### Recorded information
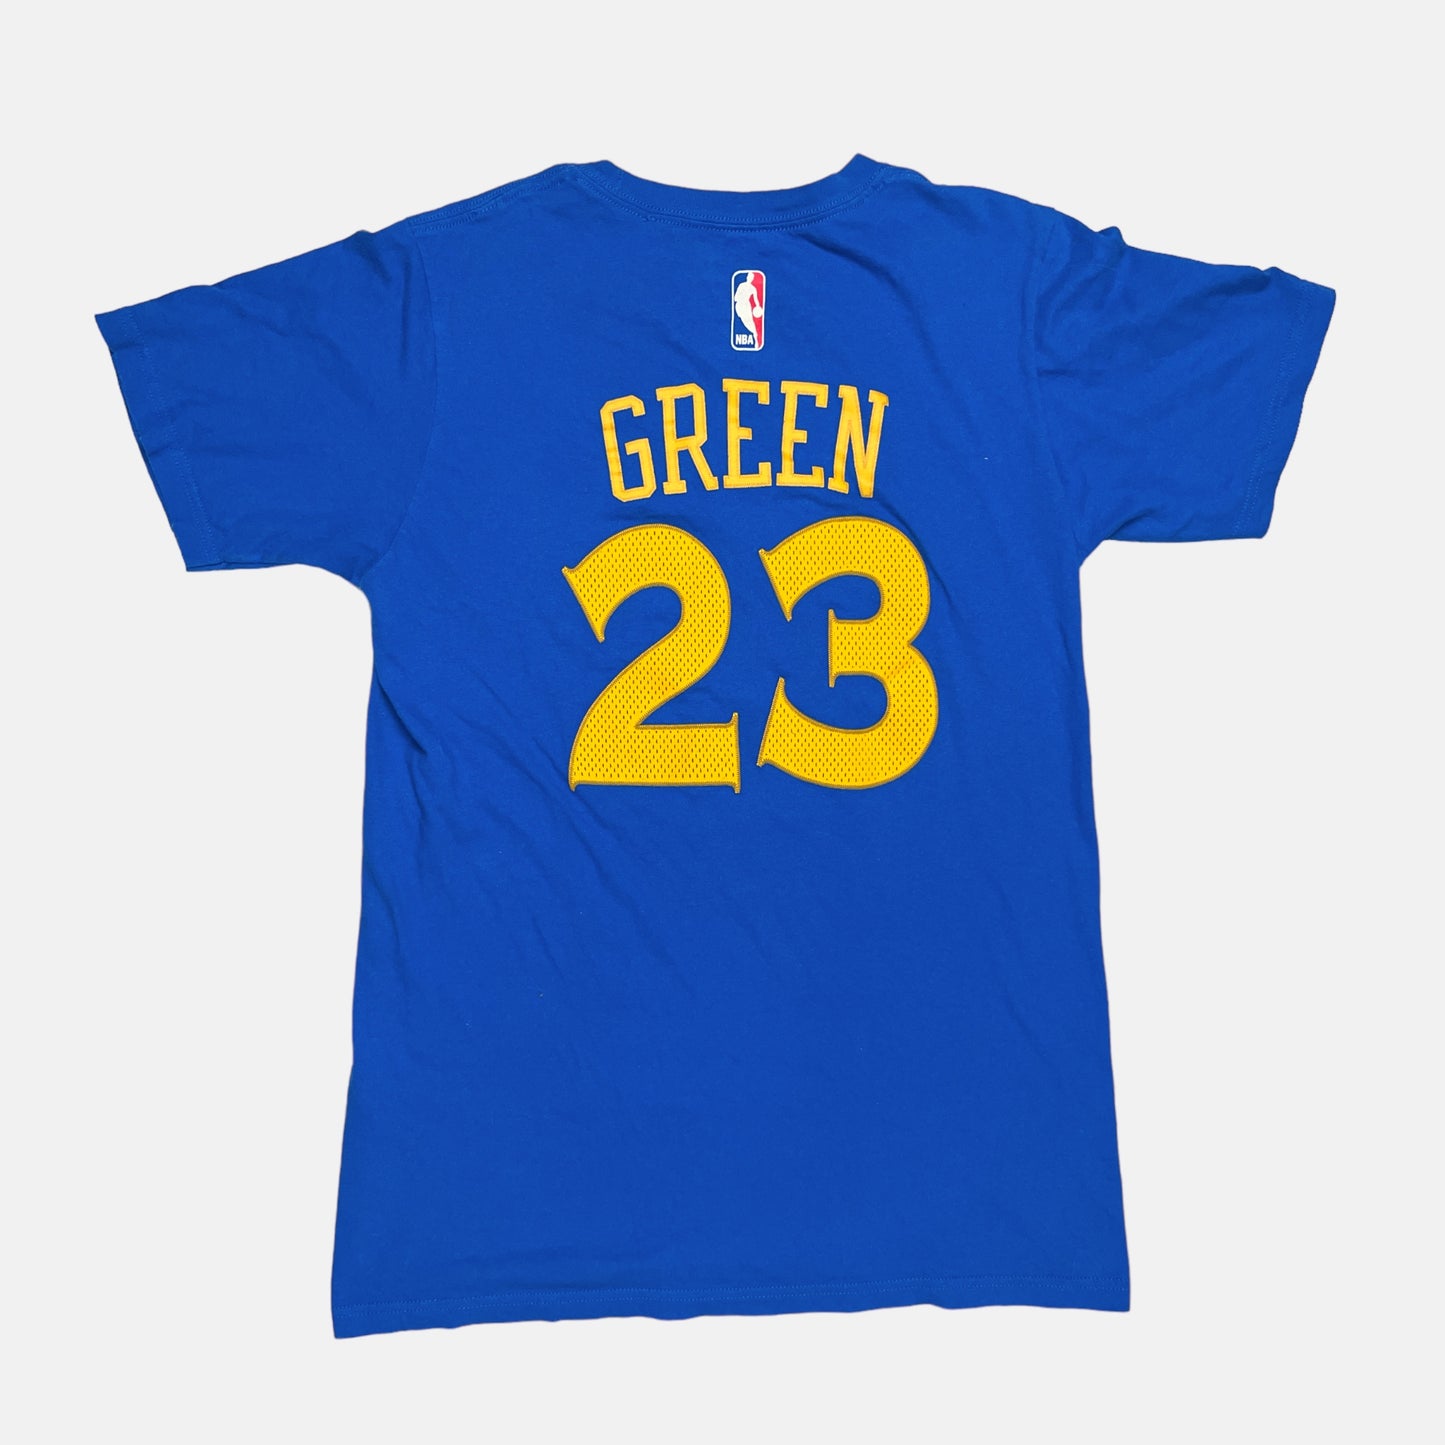 Golden State Warriors - Draymond Green - Größe S - Adidas - NBA Name and Number Shirt
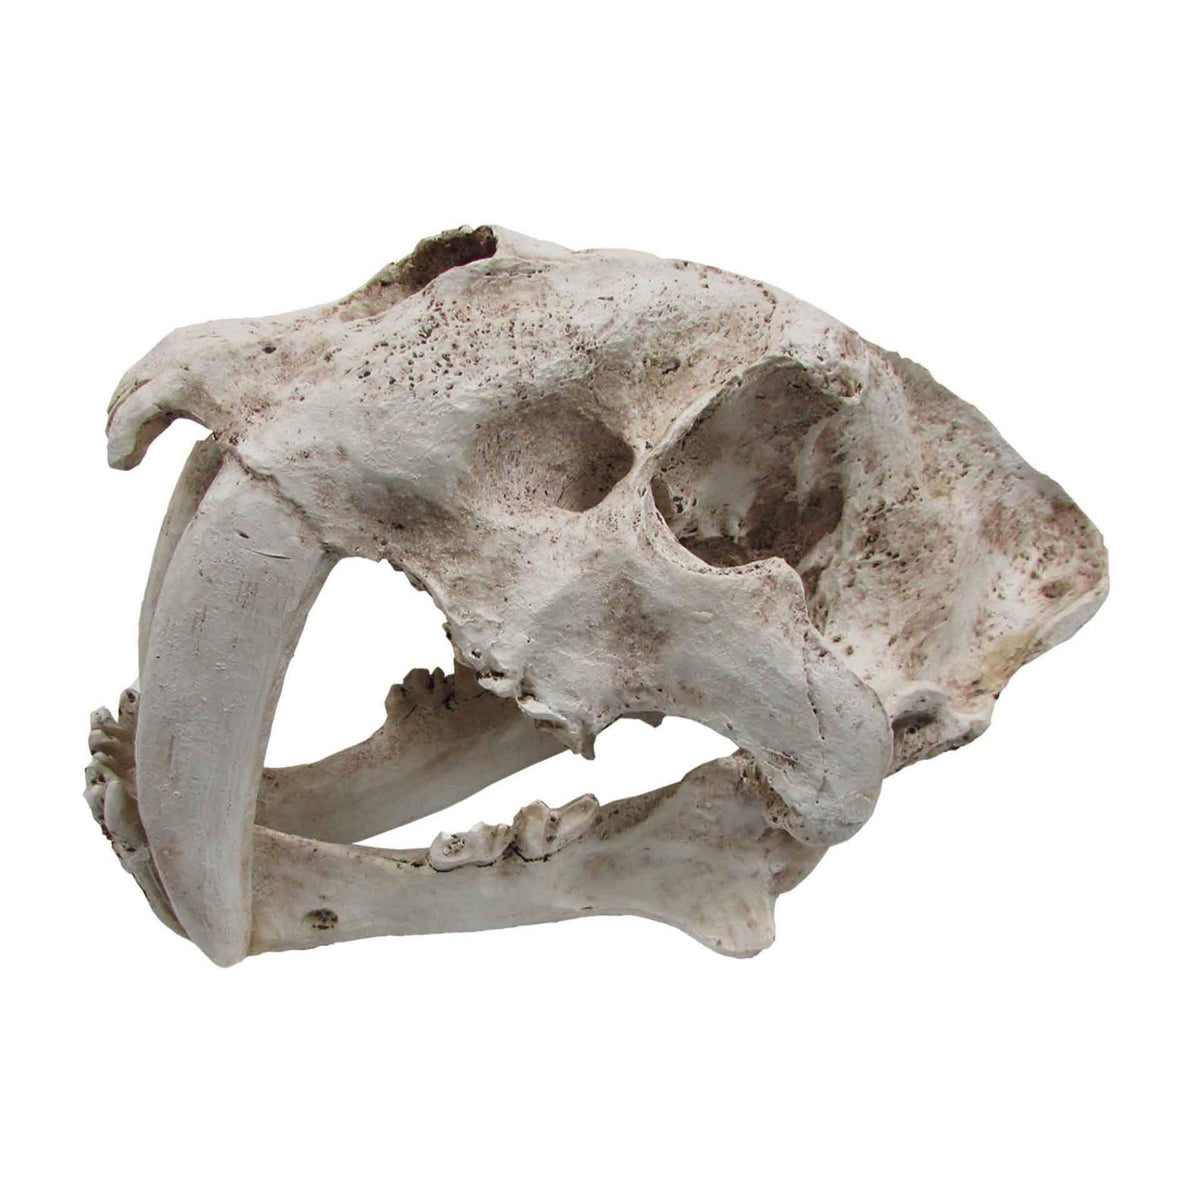 Sabre Tooth Skull - 34 x 19 x 20cm
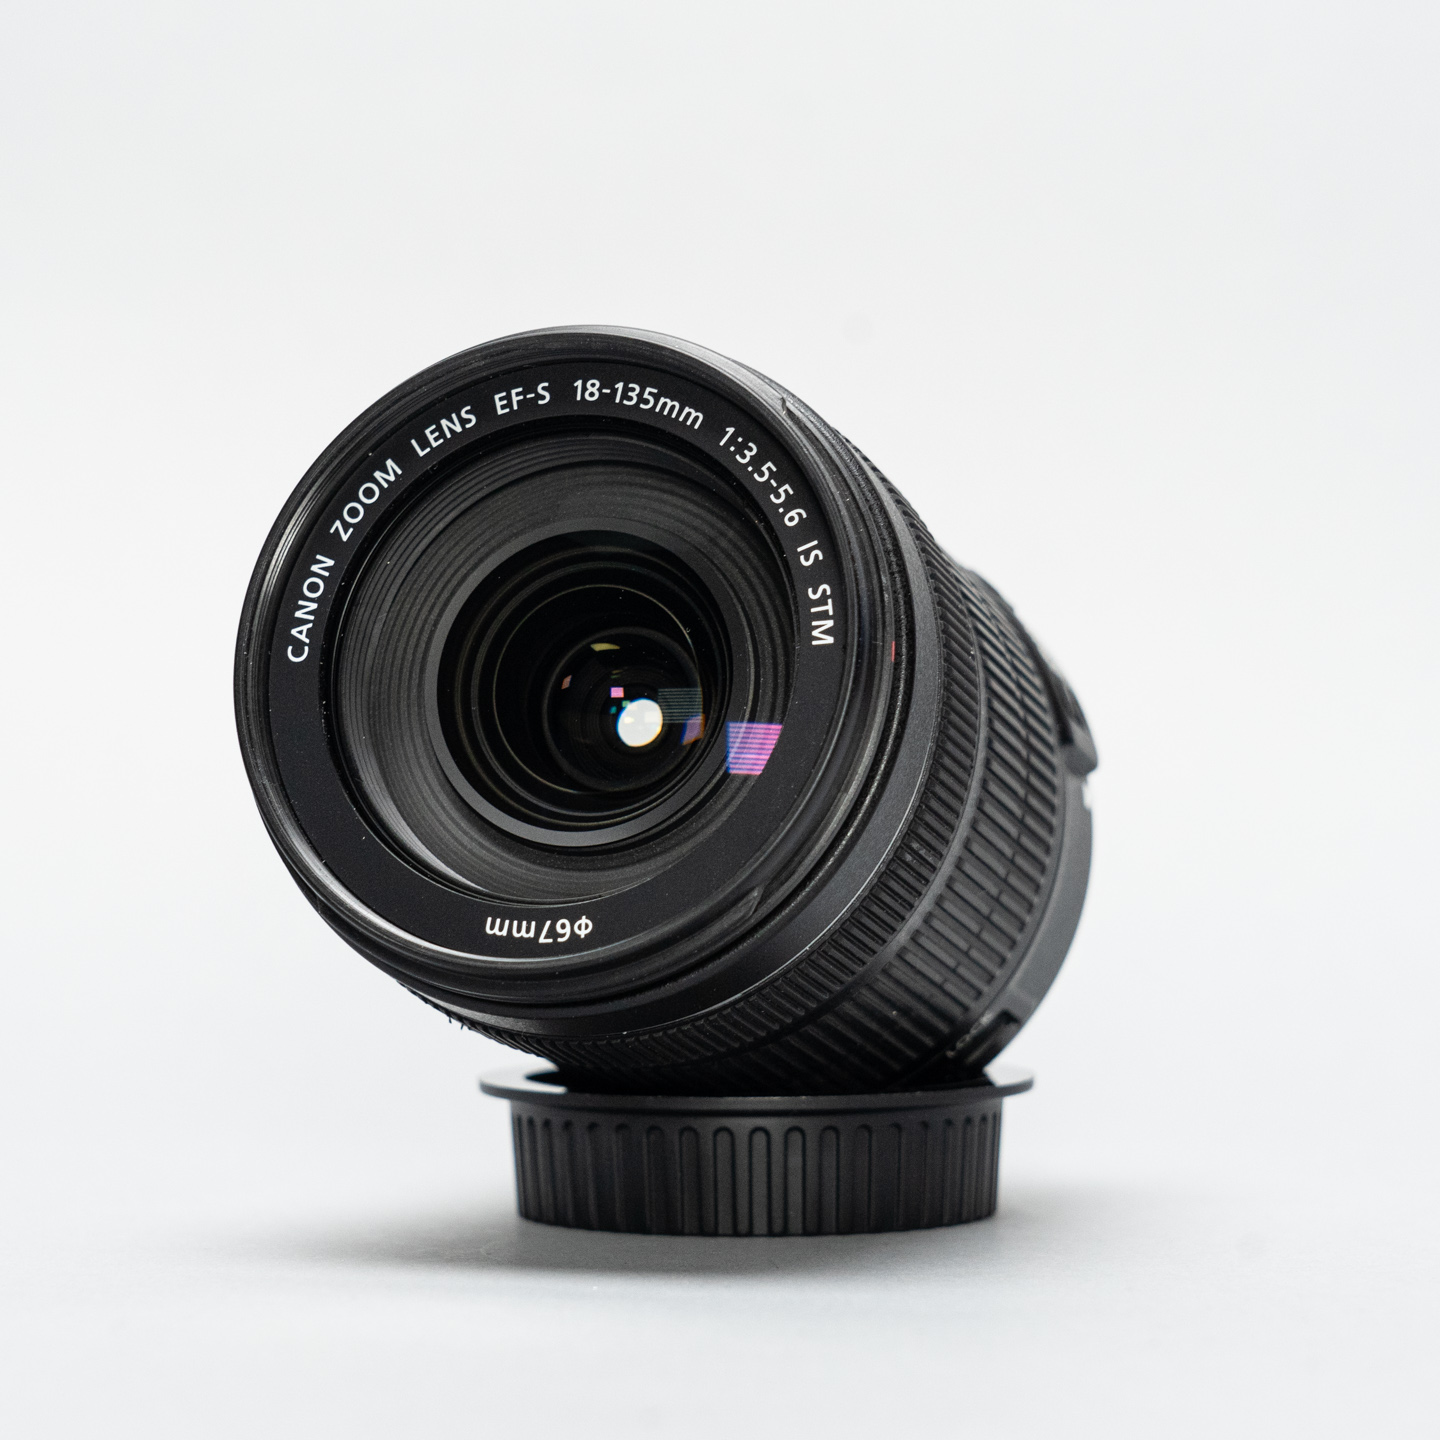 Canon EF-S 18-135mm f/3.5-5.6 IS STM - カメラ - www.dellabianca.it
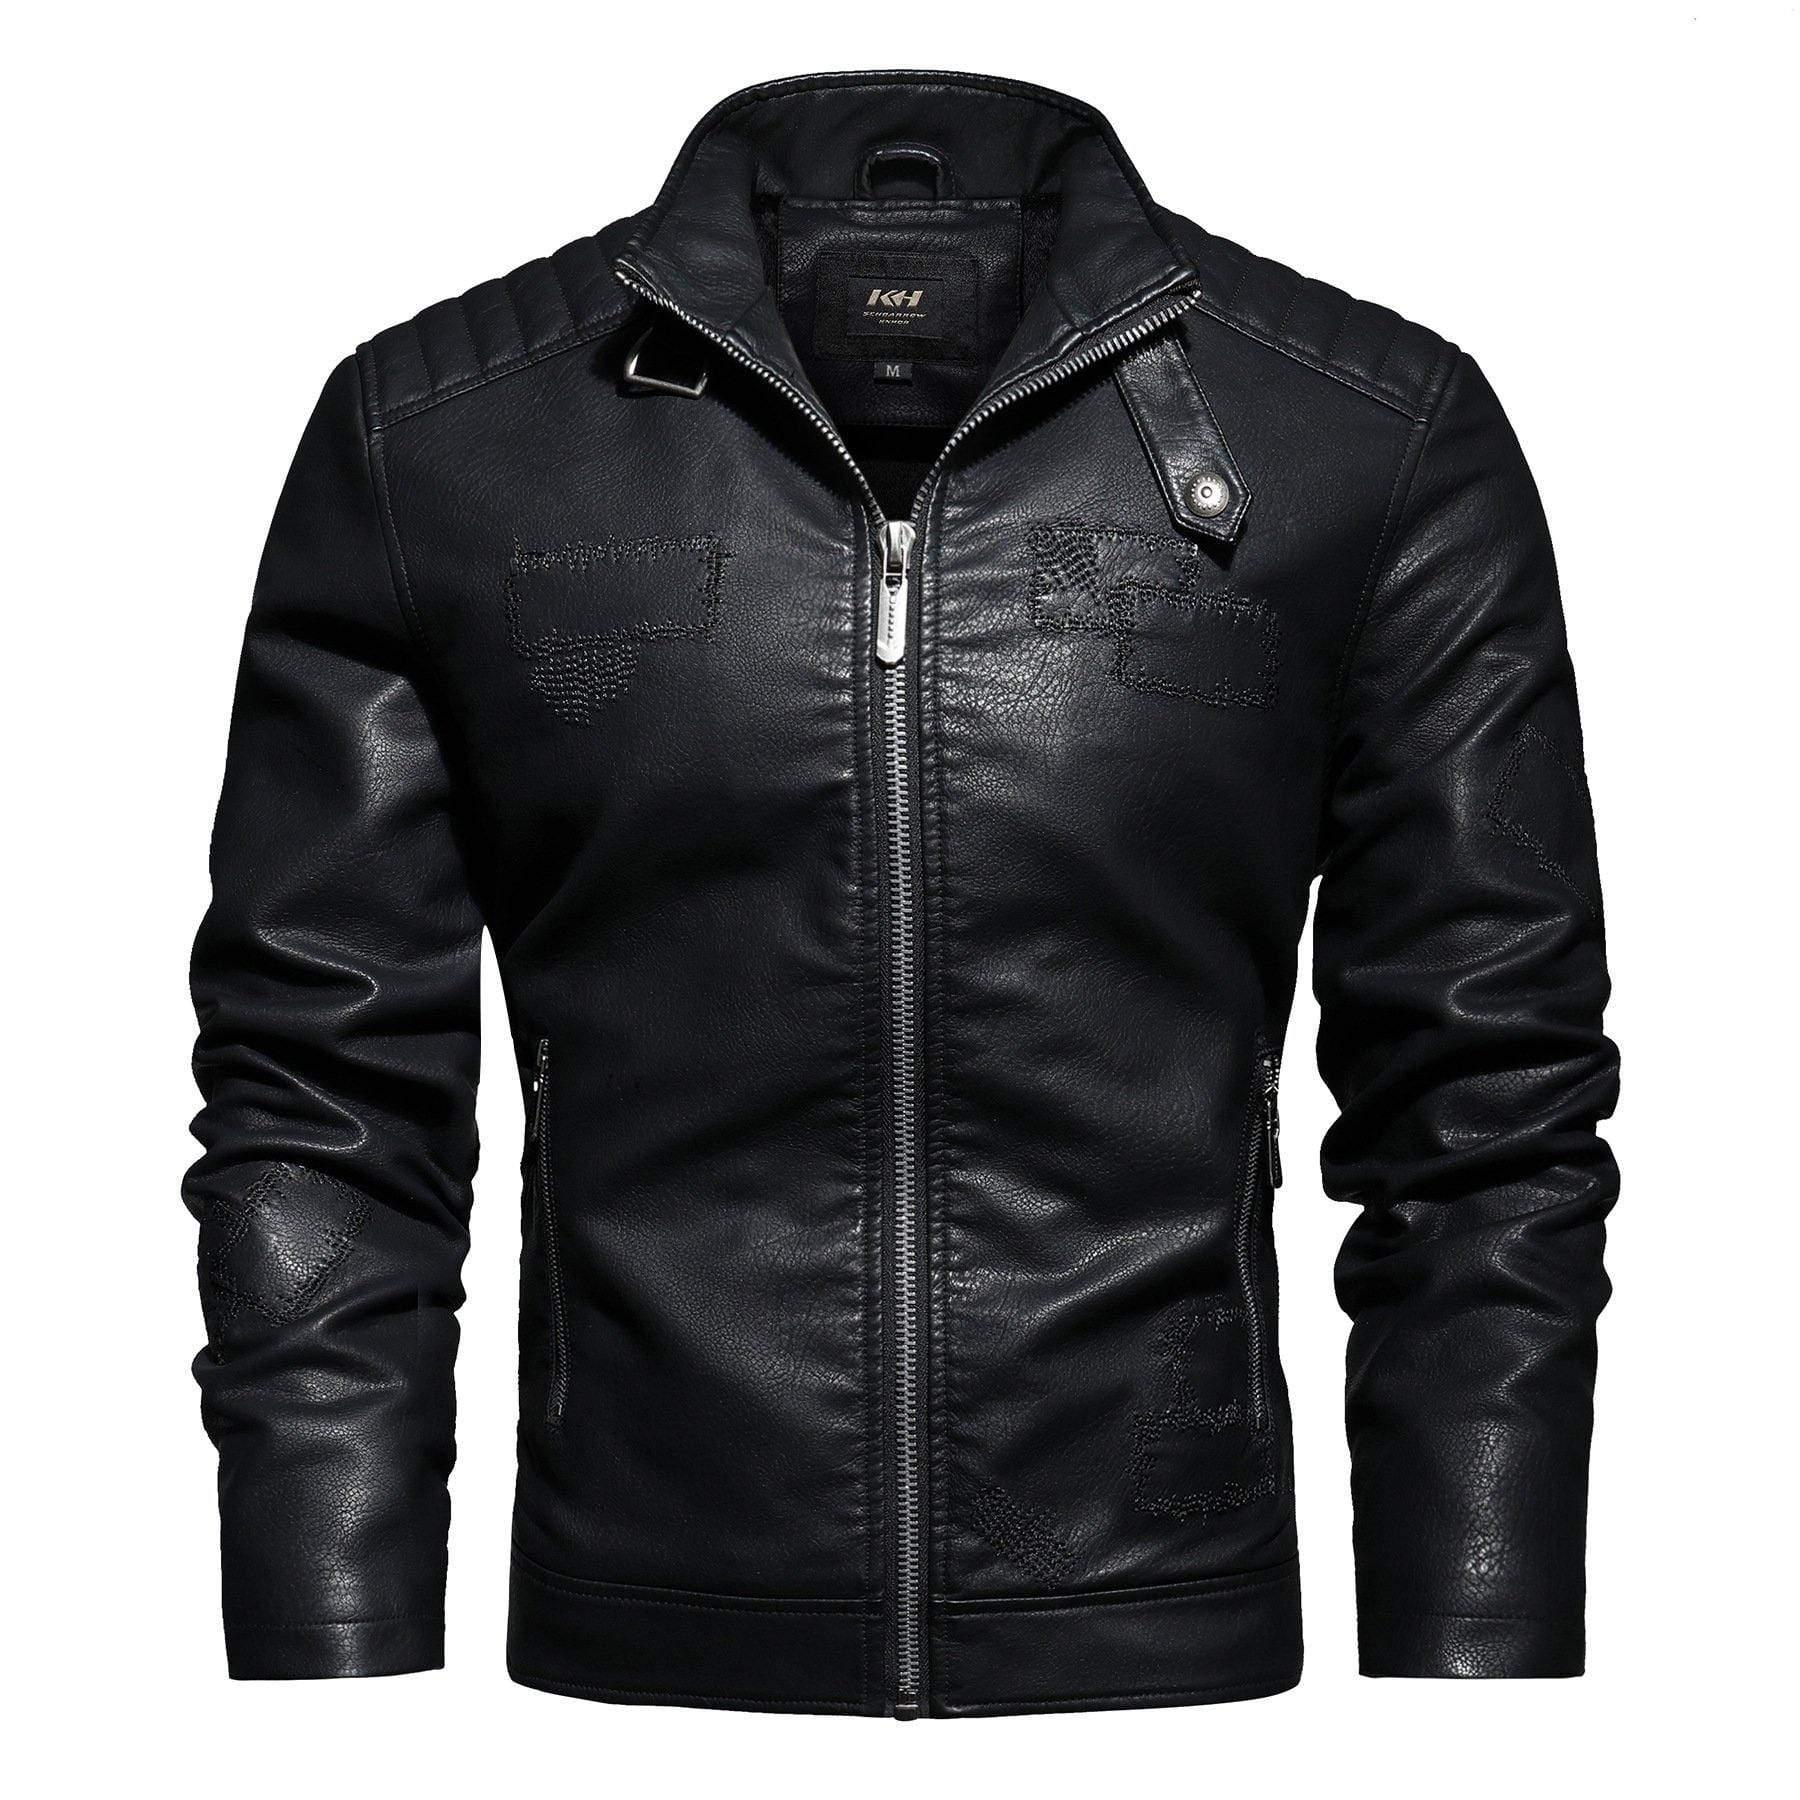 ezy2find men's leather jackets Black / 3XL Men's PU leather and velvet patch coat

### Problem
Every line above goes into your copy exactly; no images go in.

### Result for this task
 Golden State Warriors - Draymond Green - Größe S - Adidas - NBA Name and Number Shirt
 Sabre Tooth Skull - 34 x 19 x 20cm
 Canon EF-S 18-135mm f/3.5-5.6 IS STM - カメラ - www.dellabianca.it
 ezy2find men's leather jackets Black / 3XL Men's PU leather and velvet patch coat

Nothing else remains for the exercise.